- _EXERCISE INSTRUCTIONS_
From the records below, output exactly the lines starting at the line with "XEROX, 008R12990, WASTE TONER CONTAINER" and ending at the line with "Multidisciplinary Drifting Observatory", both of them included, but no pictures.
##### PROVIDED DATA
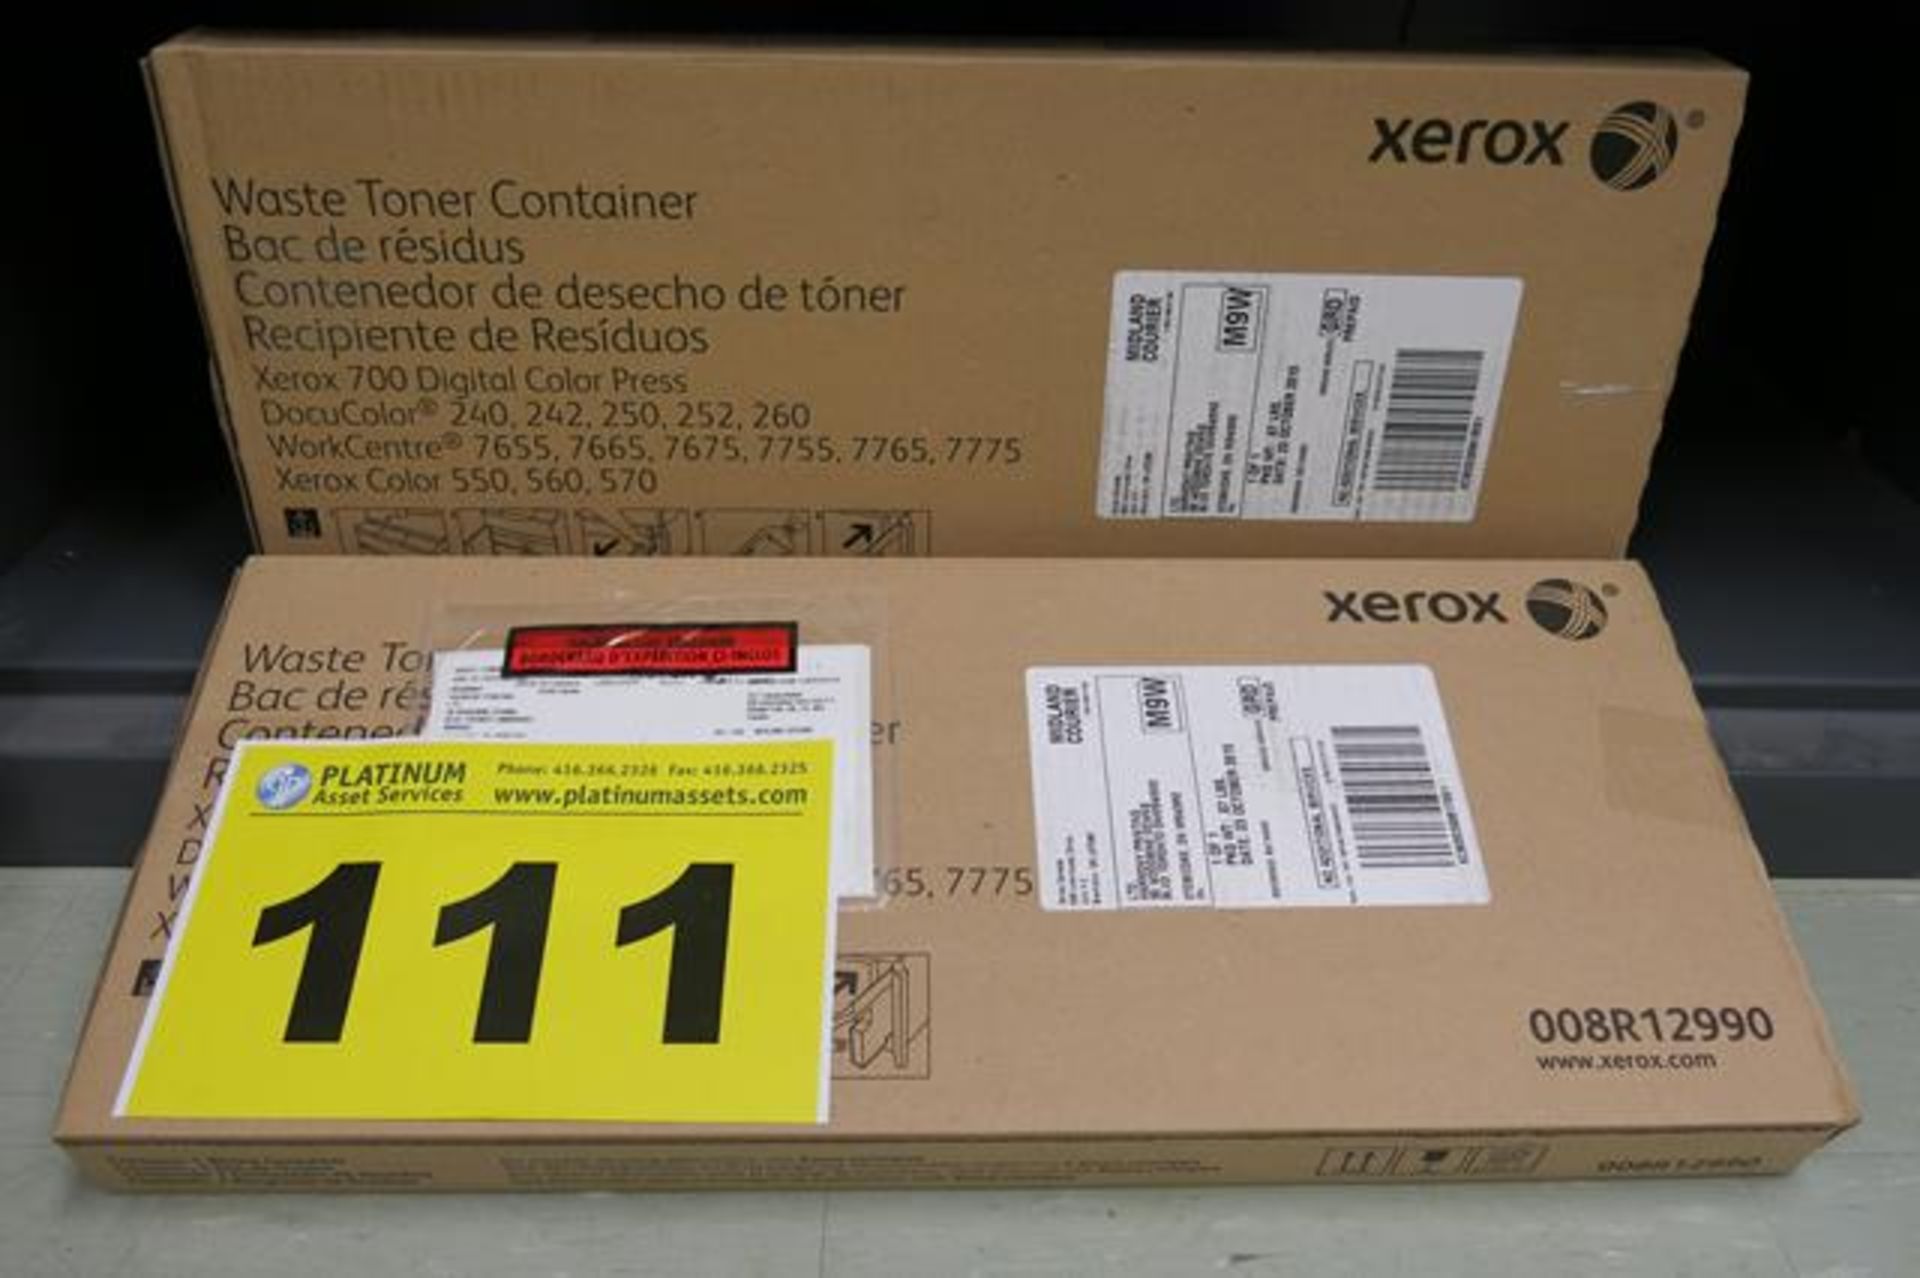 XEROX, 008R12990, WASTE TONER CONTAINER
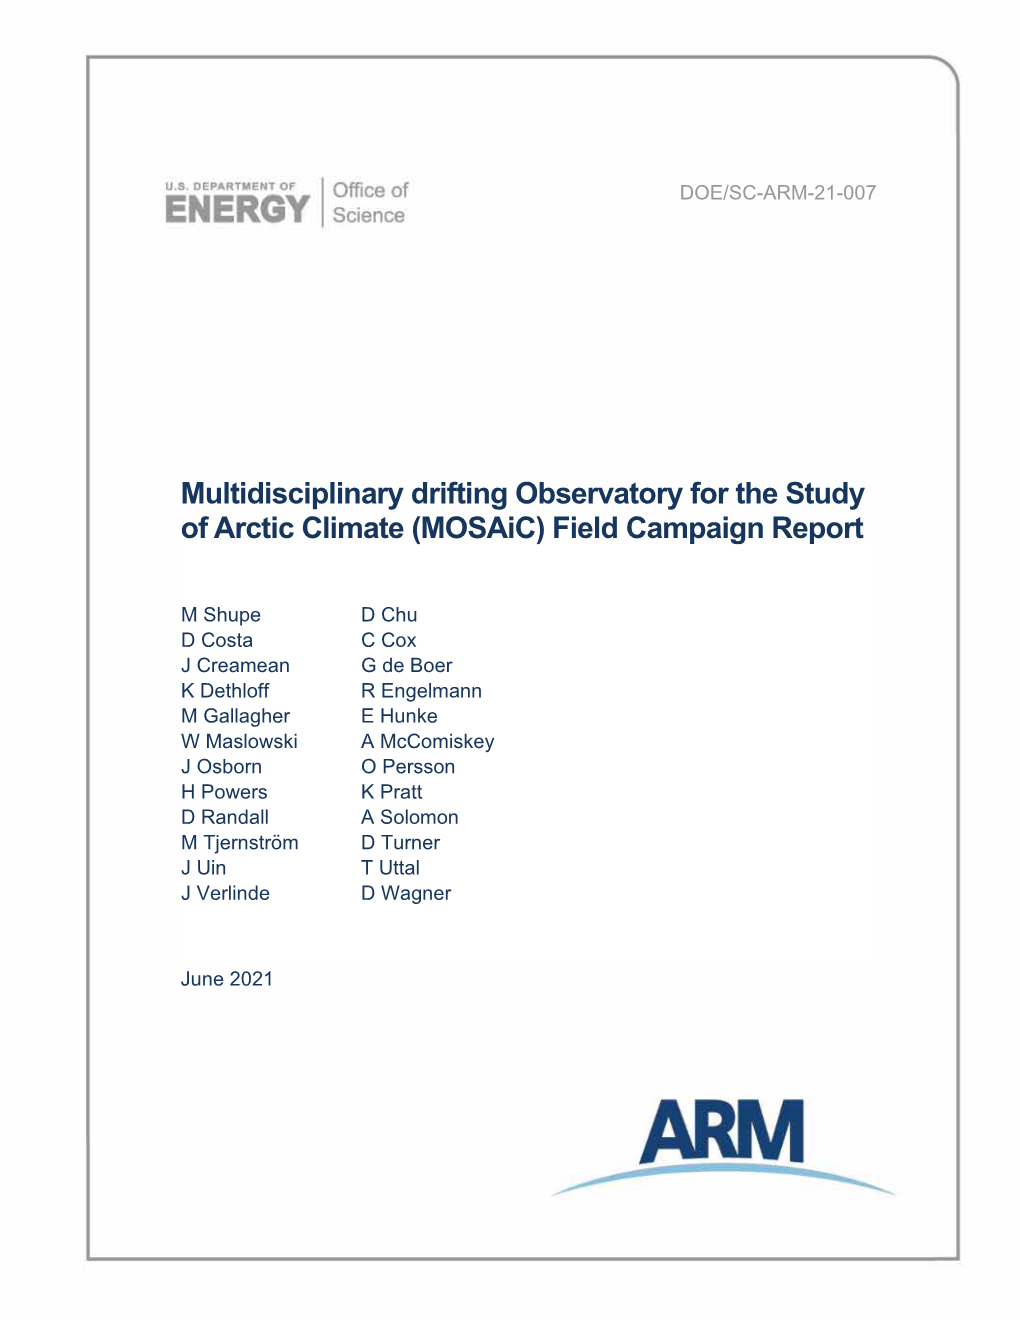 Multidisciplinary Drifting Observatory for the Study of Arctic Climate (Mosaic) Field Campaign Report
##########
##### PROVIDED DATA
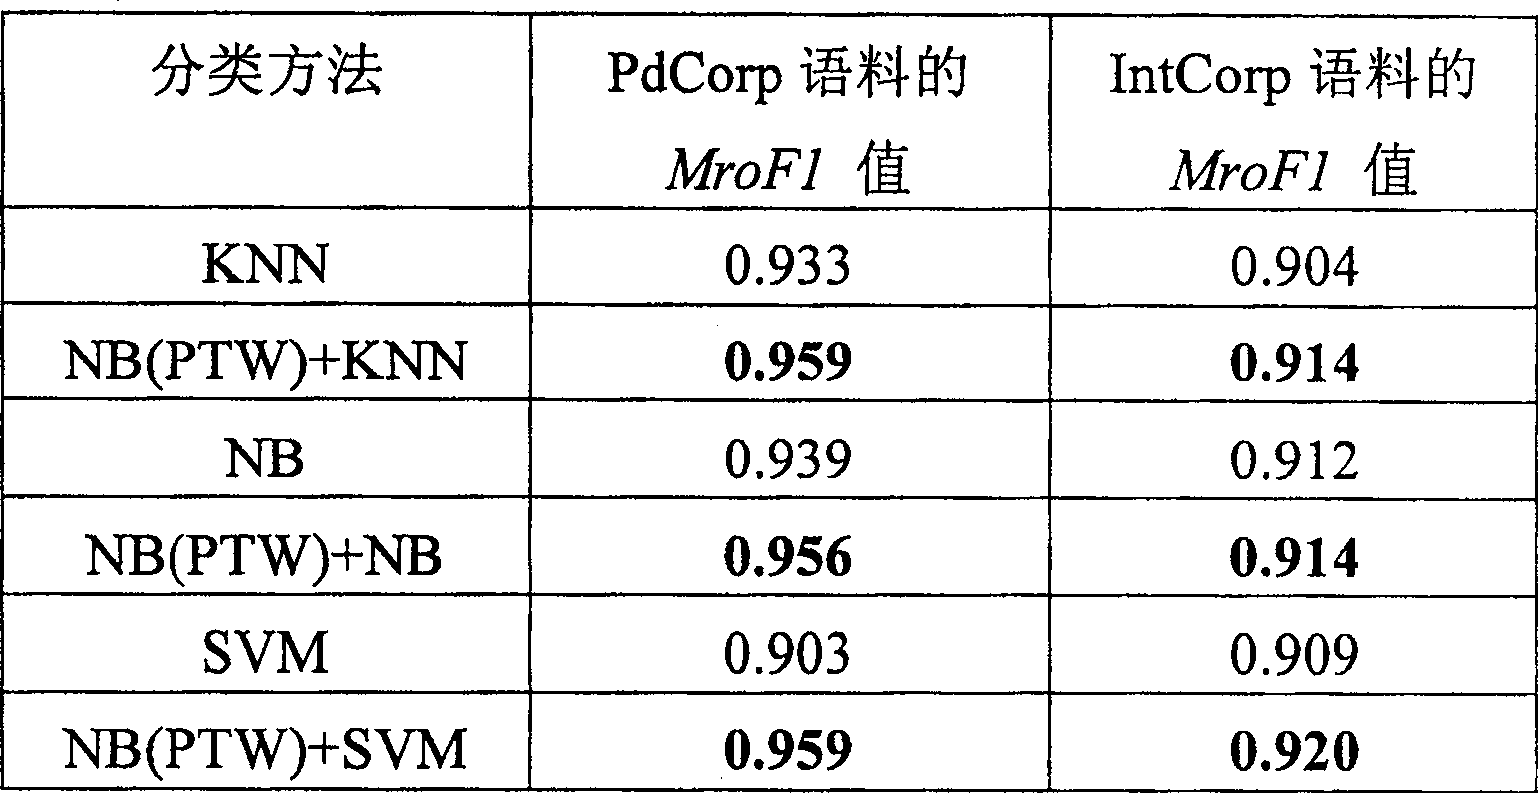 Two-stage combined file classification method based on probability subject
##########
- _RESULT OF THE TASK_
 XEROX, 008R12990, WASTE TONER CONTAINER
 Multidisciplinary Drifting Observatory for the Study of Arctic Climate (Mosaic) Field Campaign Report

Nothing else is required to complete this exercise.